The compressed air must meet specified quality criteria. Filtration elements remove particles and oil vapour from the pressurised air stream. They also detect any pollutants penetrating the compressor and stop the system before they can damage the nitrogen generator.
The pressurised air is divided into its individual components, which are drawn off separately in order to create a stream of nitrogen. This nitrogen stream has a very low pressure dewpoint and a fixed concentration of residual oxygen, which is monitored continuously. If this measured value exceeds the set limit threshold, a notification message is sent to the central control unit.
Central control unit
The control unit is equipped with analogue and digital inputs and outputs in accordance with the size of the system. It records values measured within the protected area and the operating room, along with status information on the individual system parts.

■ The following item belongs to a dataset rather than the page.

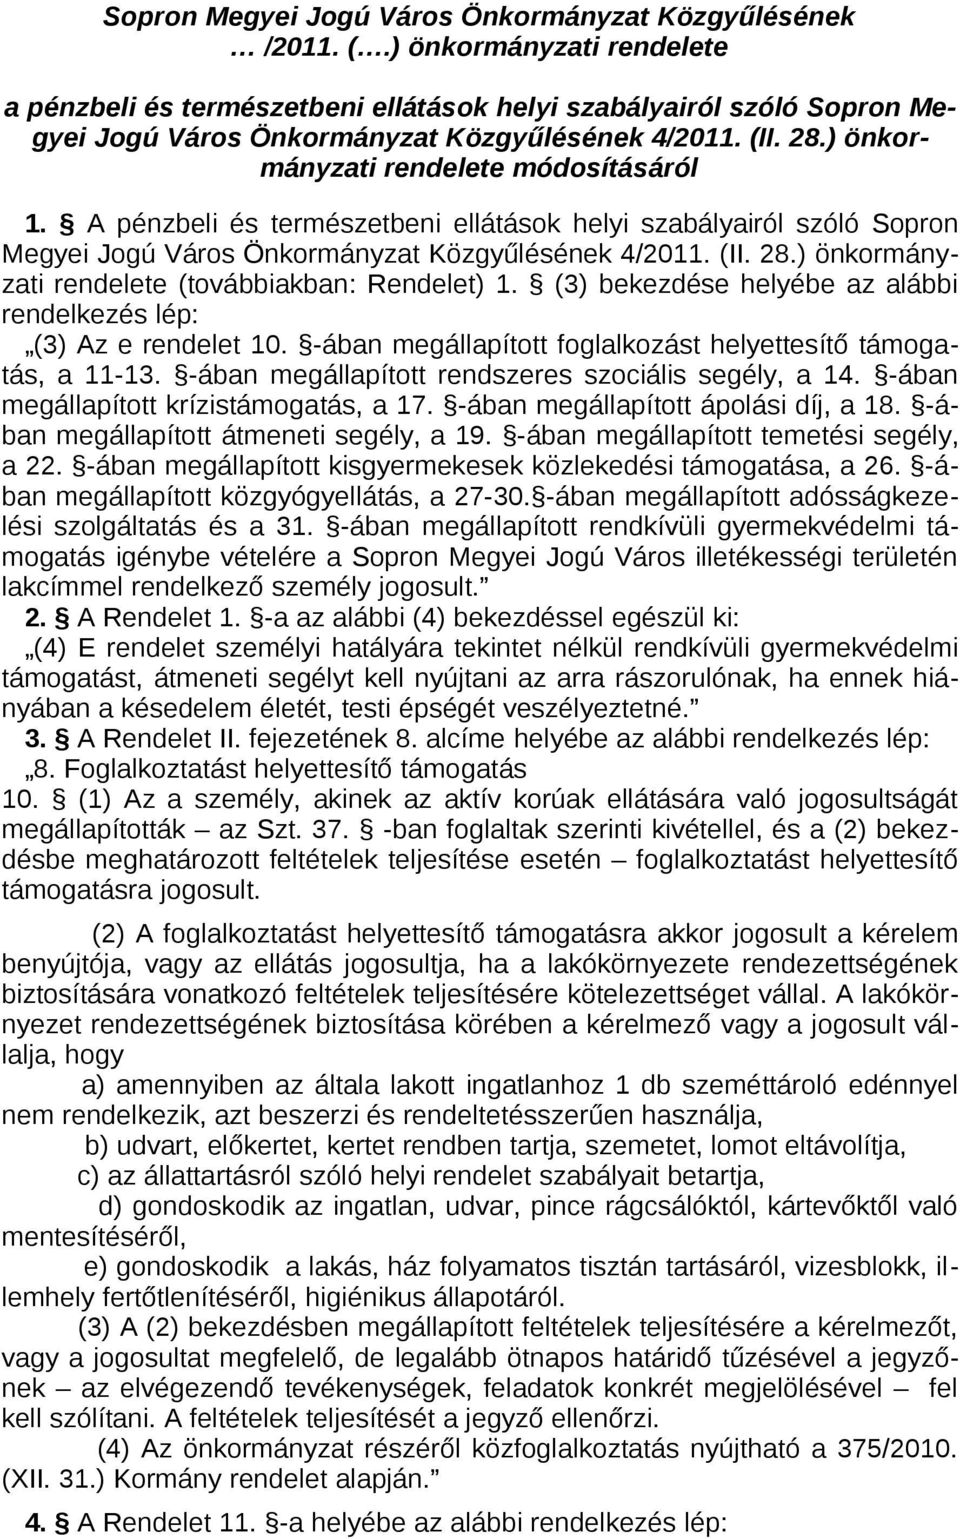 A pénzbeli és természetbeni ellátások helyi szabályairól szóló Sopron Megyei Jogú Város Önkormányzat Közgyűlésének 4/2011. (II. 28.) önkormányzati rendelete (továbbiakban: Rendelet) 1.

It activates components in accordance with its programming. It displays system status information, and triggers alarms or warning messages whenever impermissible conditions are detected. The control unit can be used to change settings and read out additional information. By default, the battery-powered reserve energy supply is designed to supply four hours of emergency power, but can also be set up to provide 30 or 72 hours of power (in accordance with DIN VDE 0833-2).
Oxygen measurement system (O2 sensors)
Oxygen sensors within the protected area and the operating room continuously measure the oxygen content of the room air. Using at least two sensors in each protected area allows the sensor system to self-monitor. These measurements are forwarded to the central control unit for processing. If oxygen sensors are used to regulate hold times in connection with quick-release mechanisms, the sensors must be demonstrably resistant against fire aerosols. This ensures that the hold time can be maintained until intervention forces can begin combating the problem, but for no less than one hour. The control lines for operating the oxygen sensors must be designed with an emphasis on preserving function.
Very early fire detection
Early fire detection systems are used to detect and report incipient fires quickly. Because ignition sources are less effective in oxygen-reduced environments, only very small quantities of fire energy and pyrolysis products are produced, so conventional fire alarm systems are unsuitable for use in detecting active ignition sources within these protected areas. The sensors used must have Class A response sensitivity in accordance with EN 54, Part 20. Air sampling smoke detectors are particularly suitable for this application. Preferably, these should be connected to a continuously manned post, from which action can be taken immediately. Otherwise, a central fire alarm system control unit can be used. The operator of the oxygen reduction system must instruct external or internal firefighting forces that, if the air sampling smoke detector is triggered, they should avoid ventilating the protected area as long as the fire brigade has sufficient visibility. The protective atmosphere will prevent flames from forming and keep an incipient fire at the smouldering stage. Ventilating the protected area would supply it with oxygen, which would unnecessarily facilitate fire development.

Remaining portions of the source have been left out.